- Born: March 13, 1974 (age 52)
- Education: University of Buffalo
- Occupation: Journalist
- Spouse: Libe Goad
- Children: 1
- Website: www.danackerman.com

= Dan Ackerman =

American videogame journalist (born 1974)

Dan Ackerman (born March 13, 1974) is a former radio DJ turned technology and video game journalist. Ackerman resides in New York City, and has written about video games and gadgets for publications including SPIN, Blender, WWE Magazine, and The Hollywood Reporter.

He has been editor-in-chief at Micro Center since 2023, where he started a tech publication called Micro Center News. He is also a regular TV pundit on outlets such as G4TV, CNN, MSNBC, Fox News and CNBC.

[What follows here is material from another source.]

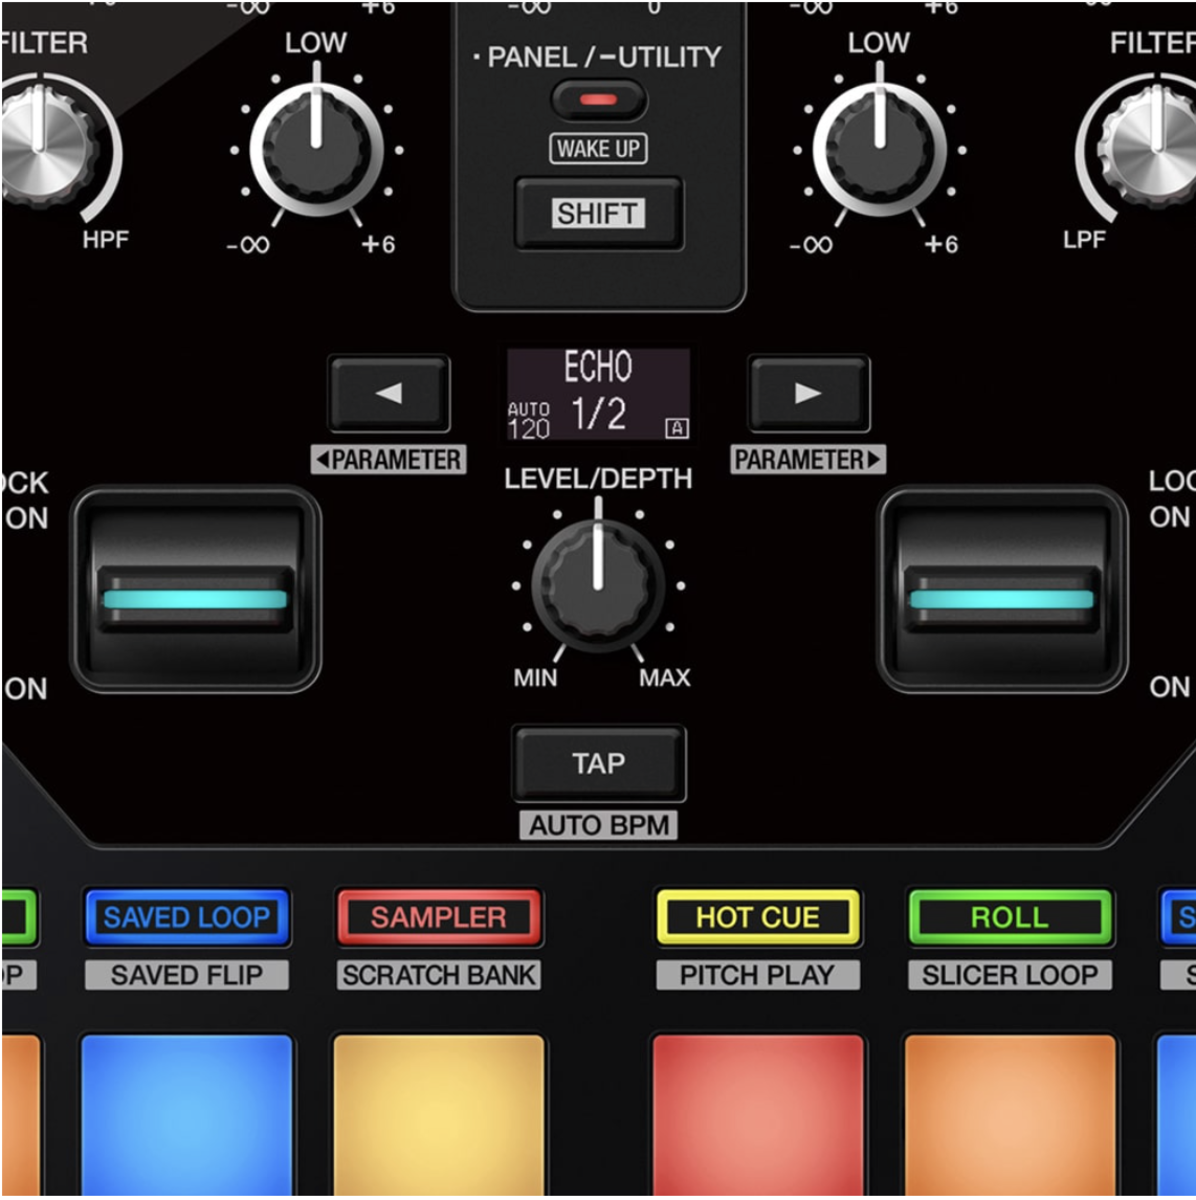 Pioneer DJ DJM-S7 Scratch bank

Before joining Micro Center, Ackerman was the senior editor of Gizmodo in 2023, and had a long career at CNET, from 2005 to 2023, where he co-hosted CNET's weekly Digital City and CNET Labcasts video podcast. Before CNET, Ackerman was the editor-in-chief of Clubplanet.com from 2001 to 2005, and a senior editor at UGO.com from 1999 to 2001.

He has released four albums on the Helper Monkey Records label, including 2008's "Tales Out of Night School" and 2012's "The Futurist". He also appeared on a web show called, "Play Value", along with his wife, and other people in the video gaming industry. The show talked about the history of gaming such as "The Rise of Atari", or "The Death of The Arcade".

In August 2023, Ackerman filed a copyright infringement suit against the Apple TV 2023 film Tetris, for allegedly taking from his book The Tetris Effect: The Game that Hypnotized the World. The case was dismissed in 2025, though Ackerman stated he will seek an appeal.